Danilo Bolaños, from Leiva, Narino, attempted murder November 19

Bolaños, a member of the Association of Campesino Workers of Nariño (Astracan), was on his motorcycle, returning from a meeting of local pro-peace groups, when a hitman riding on the back of another motorcycle fired six shots at him from a handgun. All missed. Verdad Abierta reports that he had not received any threats beforehand, “and the only thing he know of was a pamphlet with the ‘self-defense groups’’ initials that had circulated in Leiva, without mentioning either him or Astracan.”

Rodrigo Cabrera Cabrera, from Policarpa, Nariño, murdered November 20

Like many of the victims listed here, Cabrera was a member of the Marcha Patriótica. “As a member of the Marcha Patriótica, he actively supported diverse peace initiatives,” reports the Center for Historical Memory, including the designation of a village in Policarpa as a zone for FARC disarmament.

Cabrera had not been threatened before the 20th, when two masked men intercepted his motorcycle and shot him 12 times.

Rather than push for an investigation, the mayor of Policarpa, Claudia Inés Cabrera (no relation), denied that the murder had any political motivation. The victim “isn’t recognized as a community leader,” she said. After a security meeting between the mayor and local law enforcement, a statement contended that Cabrera’s father said “he was apathetic about politics and had never belonged to a political group.” The victim’s father, Sergio Cabrera, told reporters that no, “he liked politics, but not too much.
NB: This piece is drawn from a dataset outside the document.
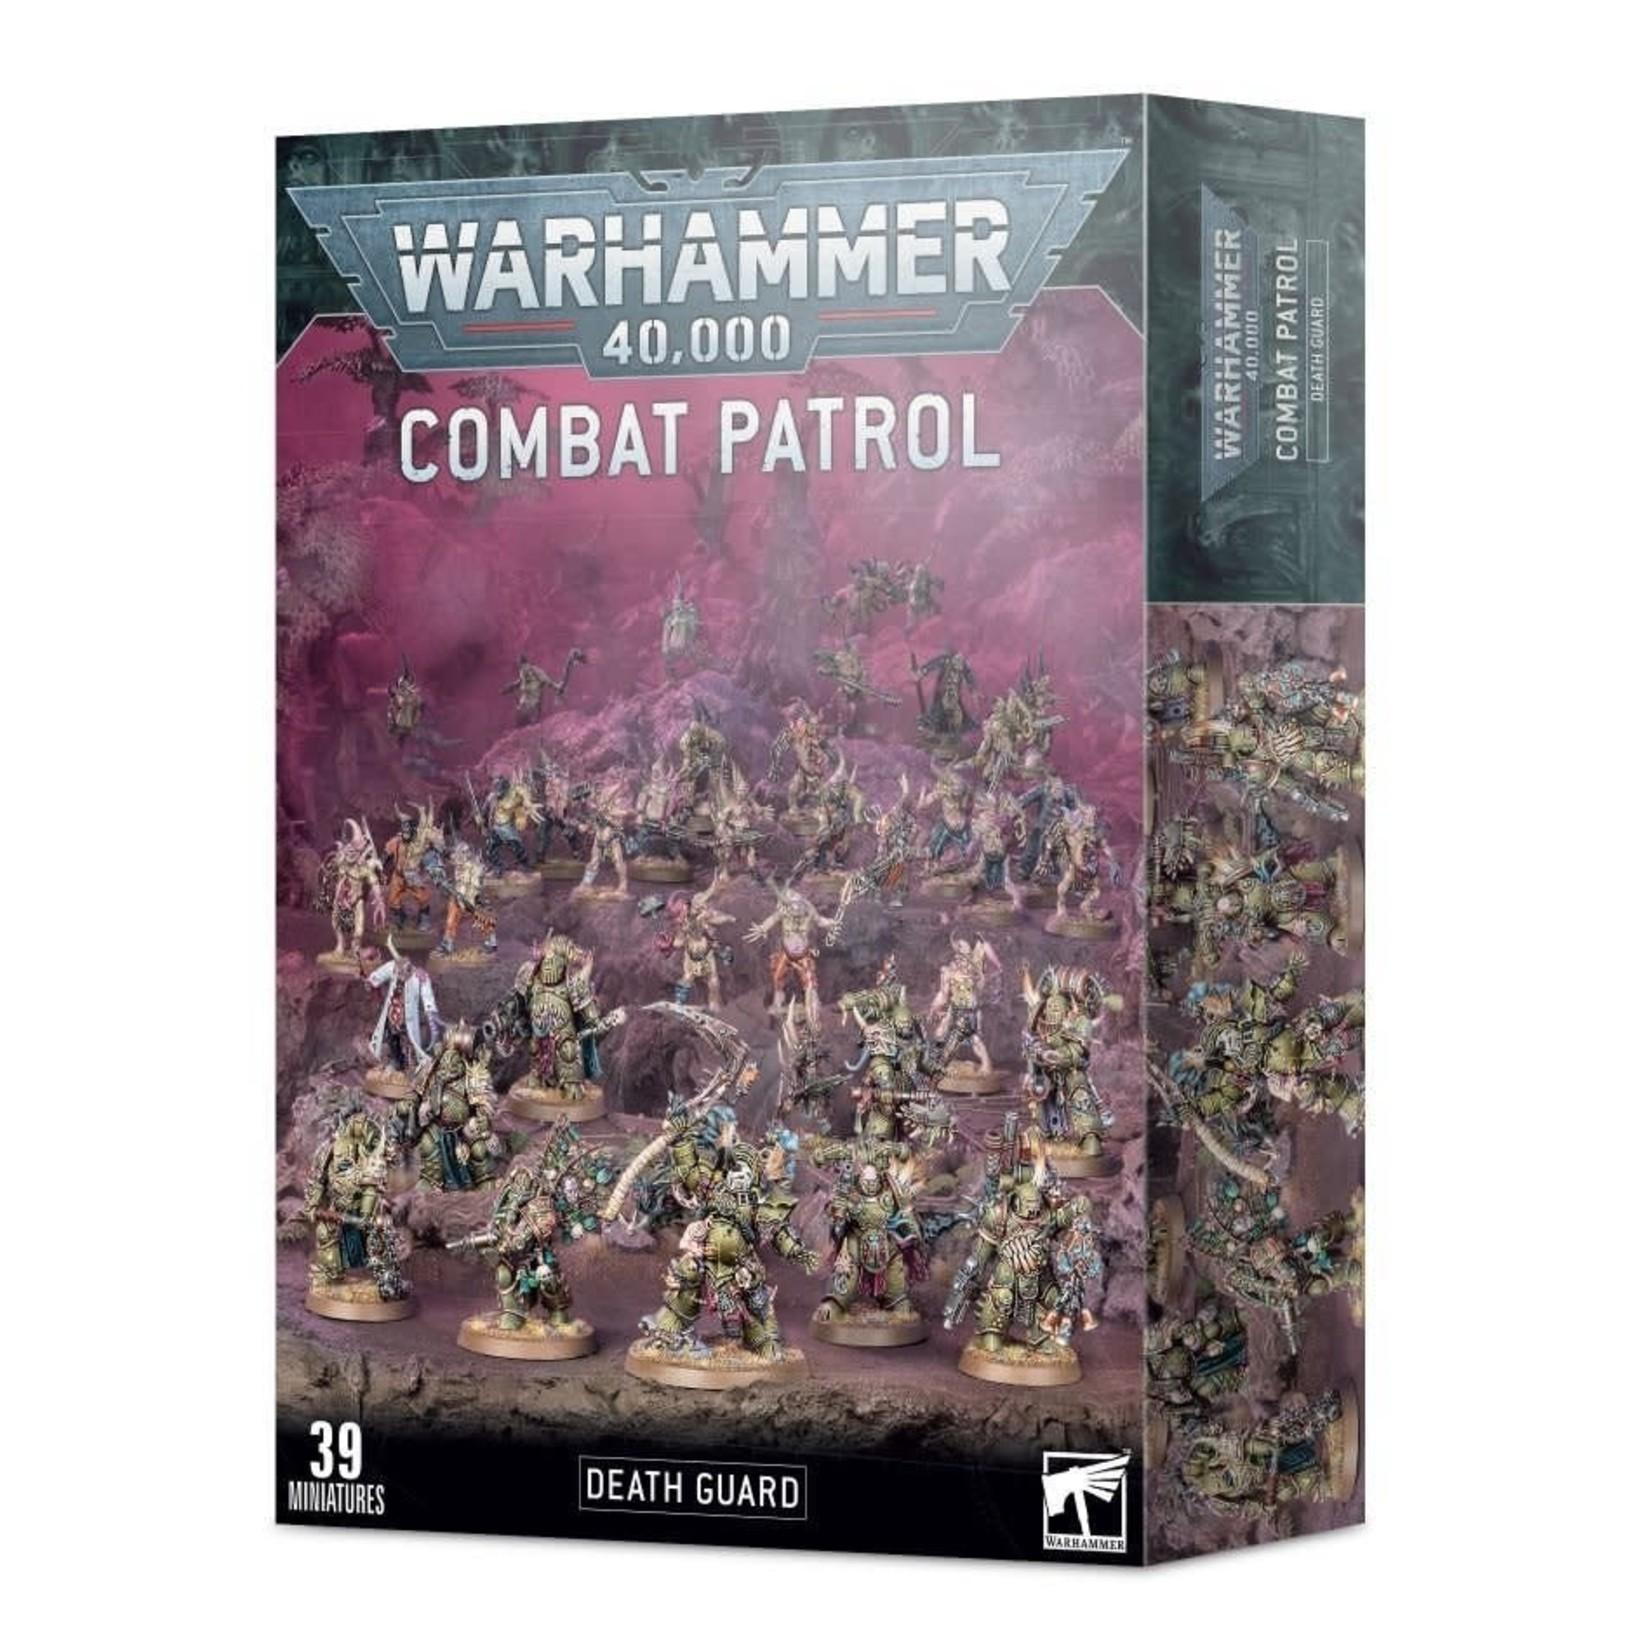 Games Workshop Warhammer 40k: Combat Patrol - Death Guard

He was a man of peace.” Lizeth Moreno, a local Marcha Patriótica leader, noted that “in her communiqué, the mayor doesn’t even reject the homicide, she justifies it saying that Rodrigo presumably had a [criminal] past.”

Froidan Cortés Preciado, from Buenaventura, Valle del Cauca, murdered November 23

Cortés, a boat mechanic and member of the Marcha Patriótica and at least two local human rights networks, had been organizing protests against forced coca eradication in the rural zone of Buenaventura. A red boat with three black-clad men who were unfamiliar to eyewitnesses brought Cortés from his workshop to his home, where they shot him to death.

Marcelina Canacué, from Palermo, Huila, murdered November 25

Canacué, a 60-year-old member of her township’s Community Action Board and of the Marcha Patriótica, was shot three times on a road near her home. Though active, she was not considered a prominent social leader. “She was part of the Marcha Patriótica, one of those people who goes to all of the events and meetings,” an acquaintance told the Center for Historical Memory.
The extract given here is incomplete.